Malcolm Halliday: ‘It’s more about a moment.’
Malcolm Halliday’s first career was in insurance. When he decided to call it a day, he did the rounds of his clients to say farewell. ‘One of them said to me, “You never seemed like an insurance broker”,’ says Malcolm. ‘And I took that as a compliment.’
I agree. It’s hard to imagine Malcolm, in suit and tie, toting a briefcase, talking indemnities, assets and agreed values. Cooling-off period. Excess. Risk management. Grace period.
But that was his life in Melbourne for many years. Next, he ran a licensed grocery with his brother. He doesn’t recommend running businesses with family members. Near the end, after another disagreement, he remembers exiting the premises, shouting, ‘I’m looking forward to just being your brother again, not your business partner!’
Then he and wife Jenny bought a paint-roller business. Those were the days when Australians manufactured things. They sold that after ten successful years, moved to NSW and retired to a block between Fairhaven Point Way and Montreal Goldfield—before he and a handful of other history-minded locals realised the cultural value of the old diggings.
Why Fairhaven? ‘Jenny and I used to bring the boys here for holidays,’ he says. ‘We’d stay at Ocean Lake Caravan Park. We loved the place. The beach, the trees. The lake.
‘So when we decided to retire, and found four acres just back from Wallaga Lake, there was no question. And we’d come from the suburbs—we loved the seclusion of an acreage, the freedom.’ That was twenty-seven years ago.
Since then, Malcolm’s been a key member of the team rehabilitating the Montreal Goldfield, abandoned after the digging frenzy of 1880-83, into the cultural asset it is today—after all, he could walk there, through the forest, from his home. He has billeted visiting musicians for the Four Winds Festival—names such as the brilliant pianist Geoffrey Tozer have rehearsed on Malcolm and Jenny’s Schimmel grand.
And all the time, in the background, was photography. It started when he was ten. Since 2015 he has been on the Shop7Artspace team, exhibiting his photographs.
When I ask about subject matter, he finds it hard to answer. ‘It’s more about a moment,’ he says. ‘I just get the one shot. I’m not one for setting up, for taking multiple shots.’ Inspired by the 1949 film The Third Man, with its dramatic cinematography—angle shots, use of light—Malcolm took his favourite photo in Budapest in 2010, and another in the basement of a cathedral in Vienna.
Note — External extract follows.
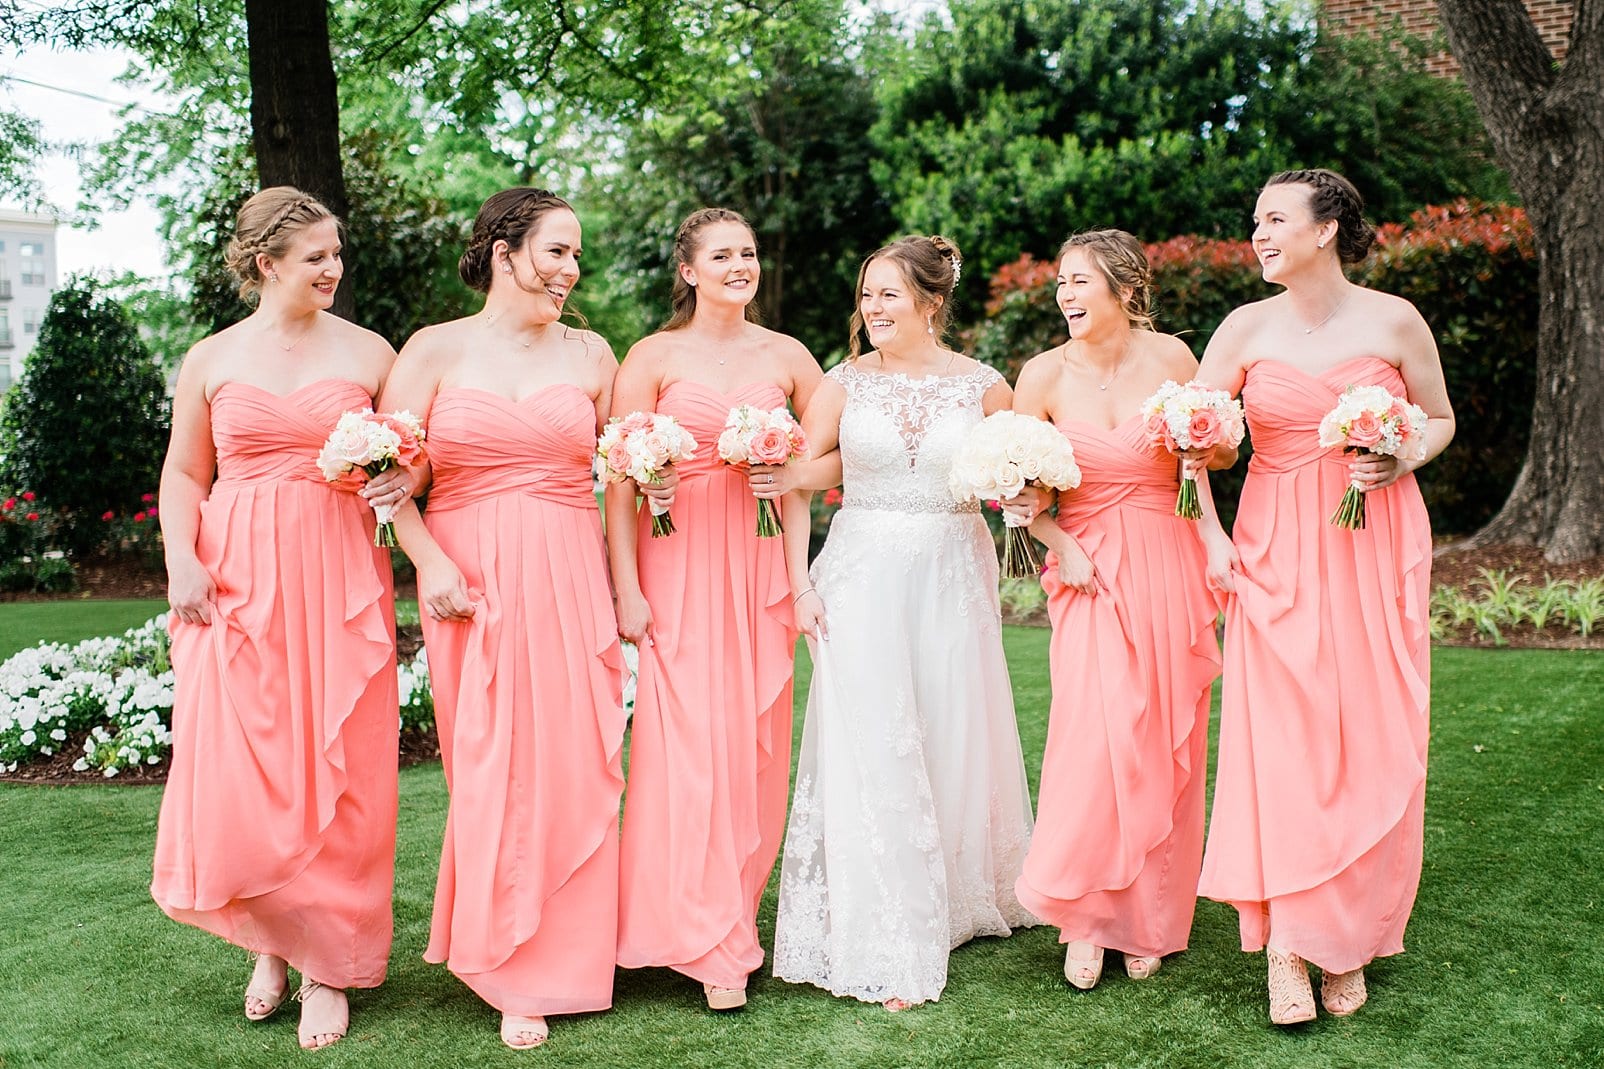 merrimon wynne bridal party walking in pink dresses photo

Malcolm’s 81 now and last year was diagnosed with a condition that causes weakness of the bones. It’s slowed him down a bit. A lot. But that’s what brought home to him another thing about Fairhaven—the community.
‘When the news got out, it was amazing how many people called, or called in. And that was important to me. Very.’
In the May Triangle, Keith Bashford (also of Fairhaven) relates a story in his ‘Odds & Sods’ column—a neighbour had witnessed how hard it had become for Malcolm to get out of his chair, and went home to build a device. It worked. Malcolm was up and about again.
These days, ‘assets’ abound in his life—his family, his community, the environment in which he lives. ‘Agreed value’, no question. ‘Cooling-off period’ is when summer moves on and the lake birds and whales start to migrate north. There an ‘excess’ of love and care from his neighbours and the wider community. As for ‘risk management’, that’s what failed him when his knee gave way and he collapsed on the pavement in Bega recently, resulting in three precious weeks in hospital. But he learned his lesson (which was, ‘I should have listened to Jenny’).
The plan now is for more photography, and more music—playing, and listening. Bach and Beethoven, but also Debussy and the other Impressionists. Malcolm’s ‘grace period’ – that’s twenty-seven years, and counting, of life lived well in a place he loves.